1University of Notre Dame,
2New York University,
3Hong Kong University of Science and Technology

†Corresponding to: zliang6@nd.edu, xzhang33@nd.edu

🔔News

🔥[2024-01-25]: Our website is now available online! 😆

Introduction

The paper introduces SceMQA, a novel benchmark for scientific multimodal question answering at the college entrance level. It addresses a critical educational phase often overlooked in existing benchmarks, spanning high school to pre-college levels. SceMQA focuses on core science subjects including Mathematics, Physics, Chemistry, and Biology. It features a blend of multiple-choice and free-response formats, ensuring a comprehensive evaluation of AI models’ abilities. Additionally, our benchmark provides specific knowledge point for each problem and detailed explanations for each answer. SceMQA also uniquely presents problems with identical contexts but varied questions to facilitate a more thorough and accurate assessment of reasoning capabilities. In the experiment, we evaluate two leading Multimodal Large Language Models (MLLMs), GPT4-V and Gemini Pro, across various experimental settings. The results show that further research and development are needed in developing MLLM capabilities, as highlighted by only 50% to 60% accuracy achieved by those strong baseline models.

Logo SceMQA Benchmark

Overview

Our benchmark is strategically designed to bridge a significant gap in existing multimodal benchmarks, which typically span from elementary to college levels, overlooking the crucial high school and precollege stages. This educational phase is crucial in the human learning process. Although some existing benchmarks (Zhong et al., 2023; Zhang et al., 2023a) incorporate problems at this level, they predominantly feature text-only questions. Our benchmark stands out as the first college entrance level multimodal benchmark within the research community, offering a more comprehensive assessment tool. Figure 3 demonstrates the intermediate difficulty of our benchmark, positioning between the existing benchmark on primary and college levels. We follow previous studies (Hendrycks et al., 2021a; Lewkowycz et al., 2022) and transform all mathematical expressions into latex codes, making them easy to process for LLMs.

multi_model_benchmark

Example problems in SceMQA, which contains four scientific subjects - math, physics, chemistry and biology in two formats - multiple choice and free response


variation

SceMQA contains multiple questions under the same context


Science subjects

Focusing on core science subjects, i.e., mathematics, physics, biology, and chemistry—our benchmark aligns with both existing text-only benchmarks, such as SciBench (Wang et al., 2023), and major human exams like the GaoKao (i.e., Chinese national college entrance exam). To effectively address these problems, AI models must demonstrate a robust understanding of images, tables, and diagrams, coupled with deep domain knowledge to recall necessary formulae, theorems, and other elements for advanced reasoning. This presents a suitable challenge for current AI systems, testing their limits in areas typically reserved for advanced human cognition.

Solution Explanation

We have meticulously annotated every problem in SceMQA. Almost all solutions (>90%) are accompanied by detailed, human verified explanations, crucial for identifying errors in model predictions, as shown in Figure 2. These explanations could be instrumental in future supervised fine-tuning (SFT) (Ho et al., 2022; Hsieh et al., 2023) and few-shot prompting methodologies (Wei et al., 2022).
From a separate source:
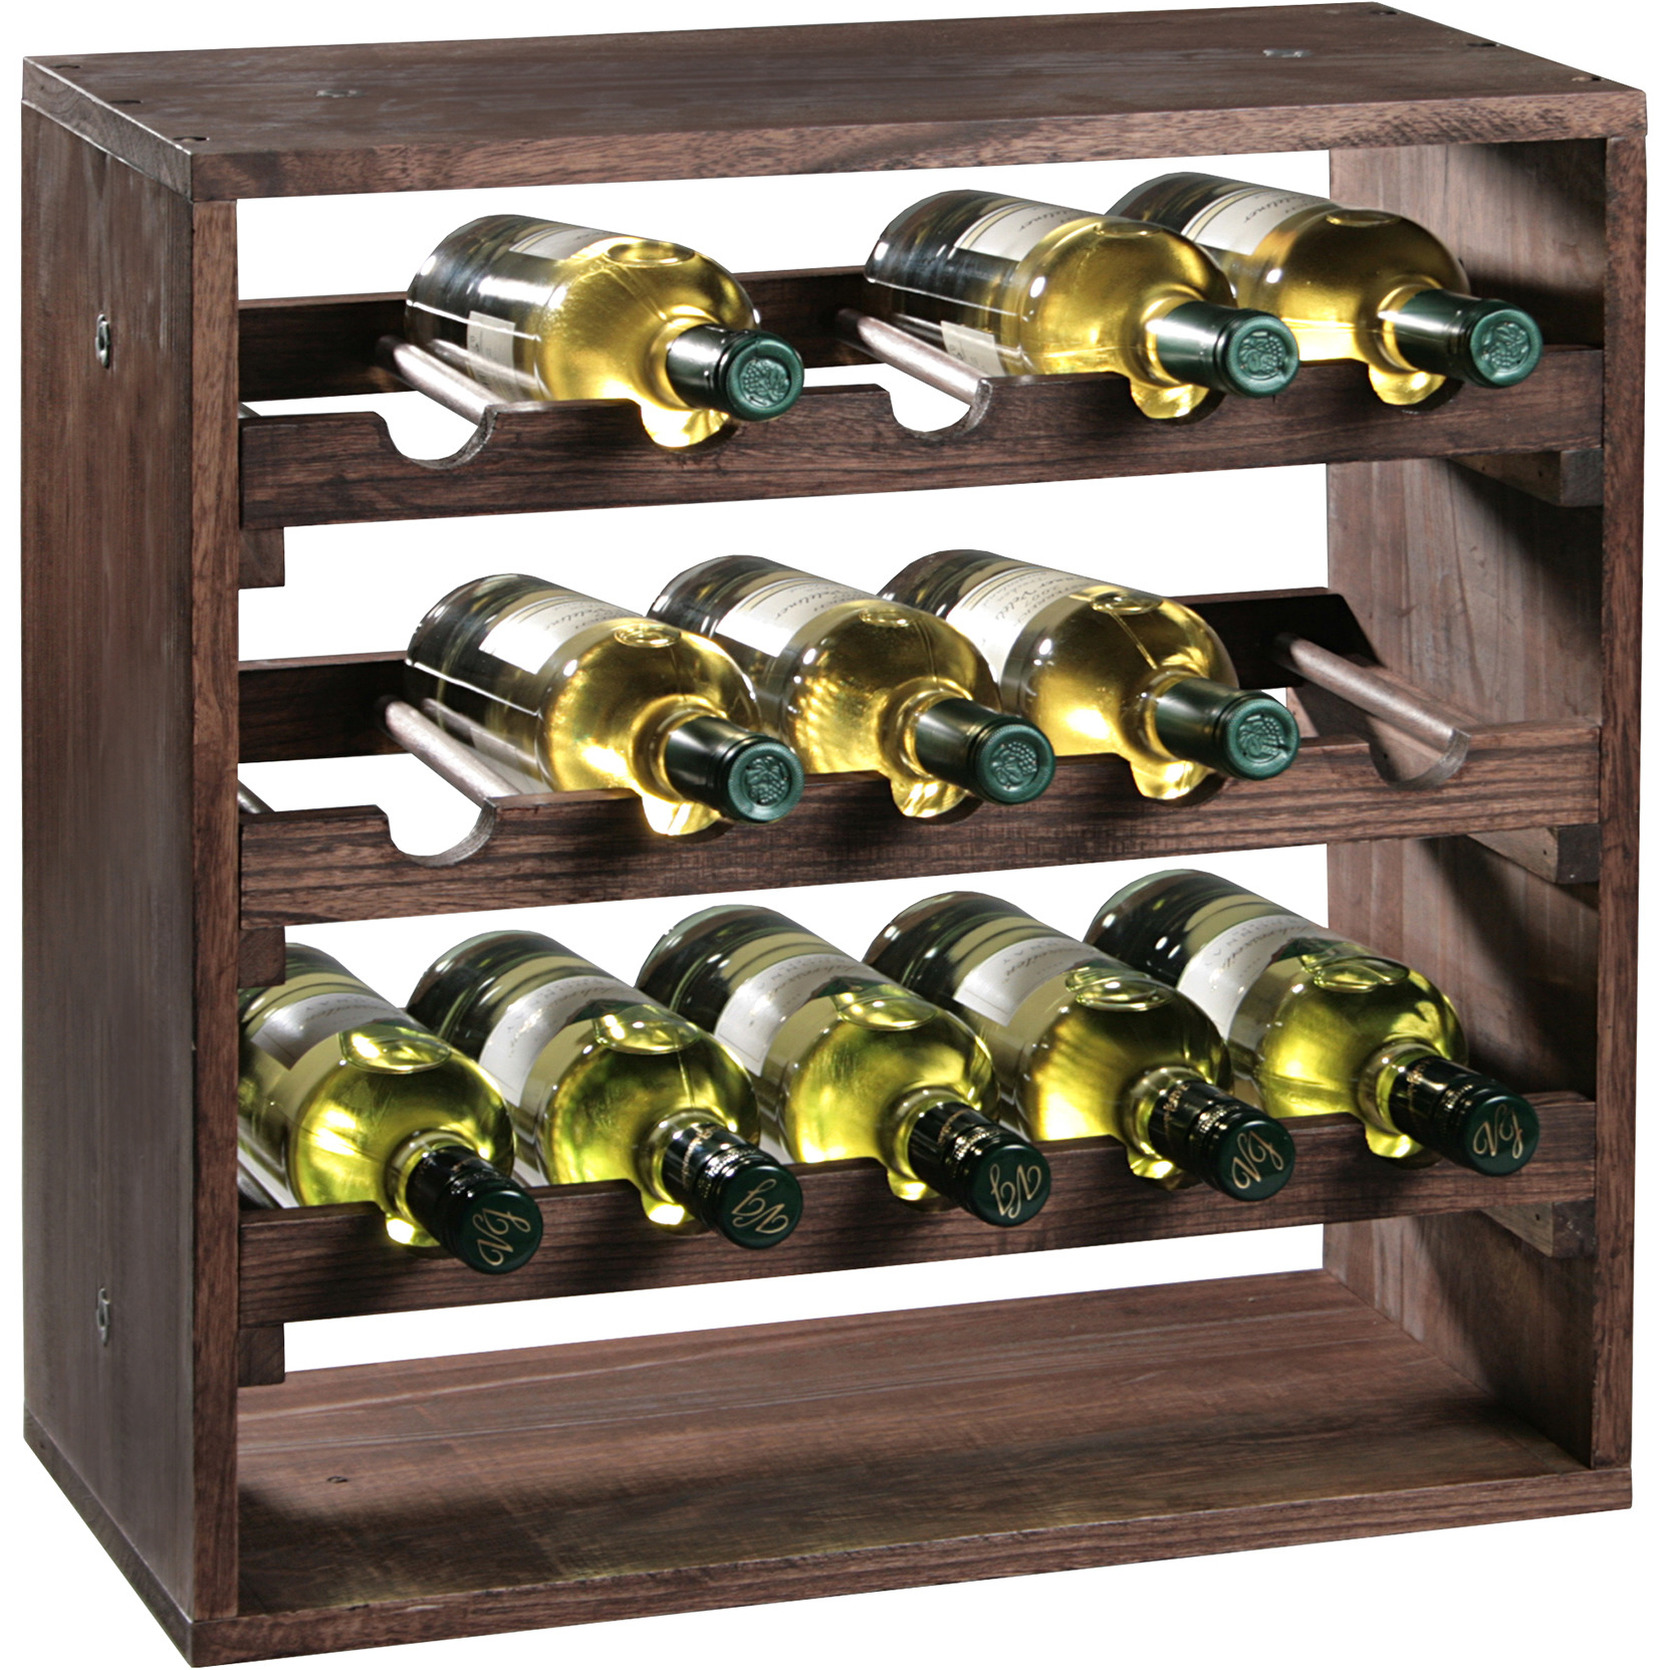 Houten wijnflessen rek-wijnrek vierkant voor 15 flessen 25 x 50 x 50 cm
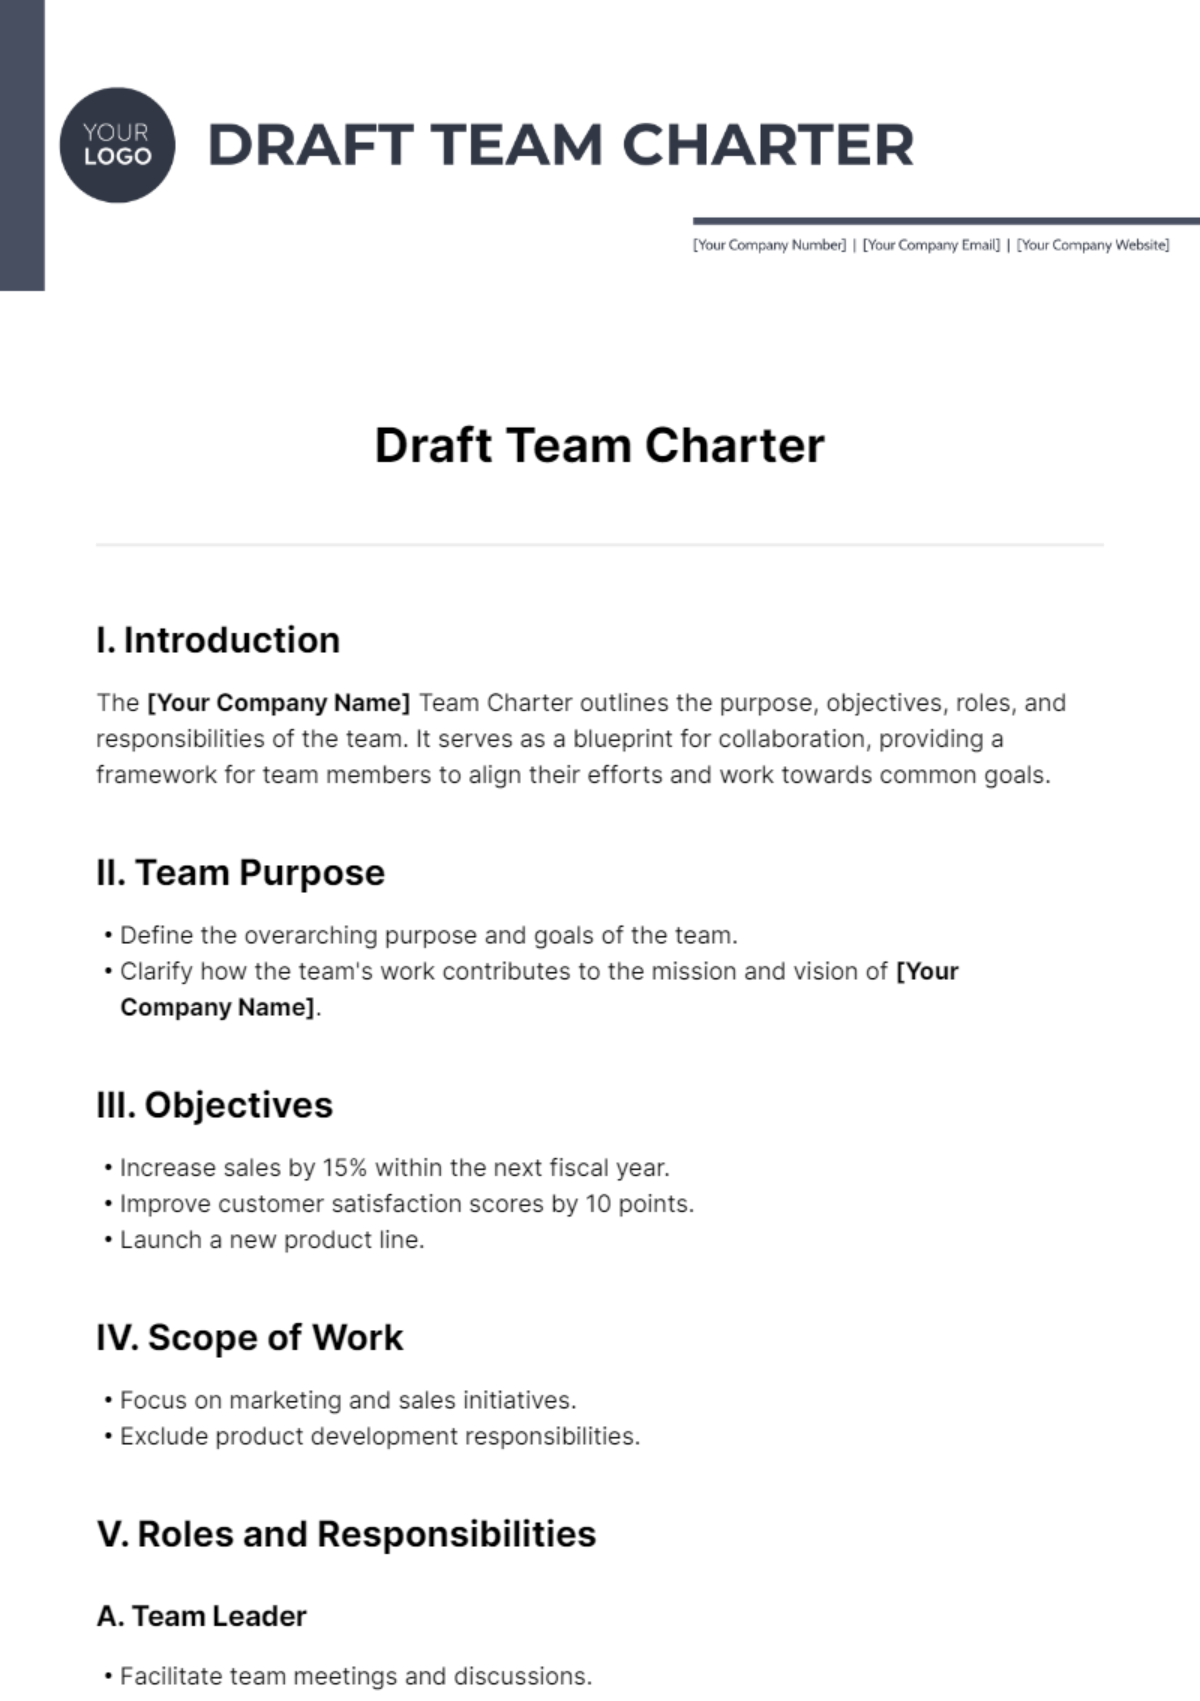 Draft Team Charter Template

Identified Knowledge Category

Additionally, each problem is categorized into specific knowledge components within its subject, also shown in Figure 2. This classification aids in building a knowledge state for the evaluated models, facilitating knowledge tracing and understanding the depth of the model’s capabilities.

Question Variation

Furthermore, our benchmark features a variety of questions based on the same image and context, as shown in Figure 4. Solving such kind of question sets has been demonstrated to be challenging for AI models (Liang and Zhang, 2021), where they usually fail to capture such small variations in the question part (Patel et al., 2021). This benchmark setting can not only test the depth of understanding and reasoning capabilities of these models (Patel et al., 2021; Yang et al., 2022) but also have the potential to support advancements in Socratic learning (Shridhar et al., 2022) and interpretable reasoning (Zhang et al., 2021).

In terms of scale, our benchmark comprises a significant volume of problems, ensuring a thorough evaluation across all included subjects. The total number of problems in SceMQA is 1,045, with an average of 261 problems per subject.

Comparisons with Existing Benchmarks

To underscore the distinctiveness of SceMQA in the landscape of AI benchmarks, we emphasize its specific features in Figure. SceMQA is strategically positioned to address a critical gap in educational levels targeted by existing benchmarks. While benchmarks like ScienceQA focus on elementary and middle-school levels, and MMMU targets college-level complexities, SceMQA is uniquely designed for the high school or college entrance level. This level, epitomized by significant examinations such as the AP tests in the U.S. and China's Gaokao, is crucial in human learning but has been underrepresented in AI benchmarks.

In terms of difficulty level, SceMQA offers a meticulously calibrated challenge that is neither too elementary nor excessively advanced, filling a vital niche in the progression of AI training and evaluation. Moreover, SceMQA stands out in its commitment to explanation quality. Unlike many benchmarks that provide limited or no explanations for their problems, a significant percentage of SceMQA's problems are accompanied by detailed, human-verified explanations. This ensures not only an assessment of the AI's answer accuracy but also its reasoning process, a critical aspect in the advancement of AI understanding and interpretability.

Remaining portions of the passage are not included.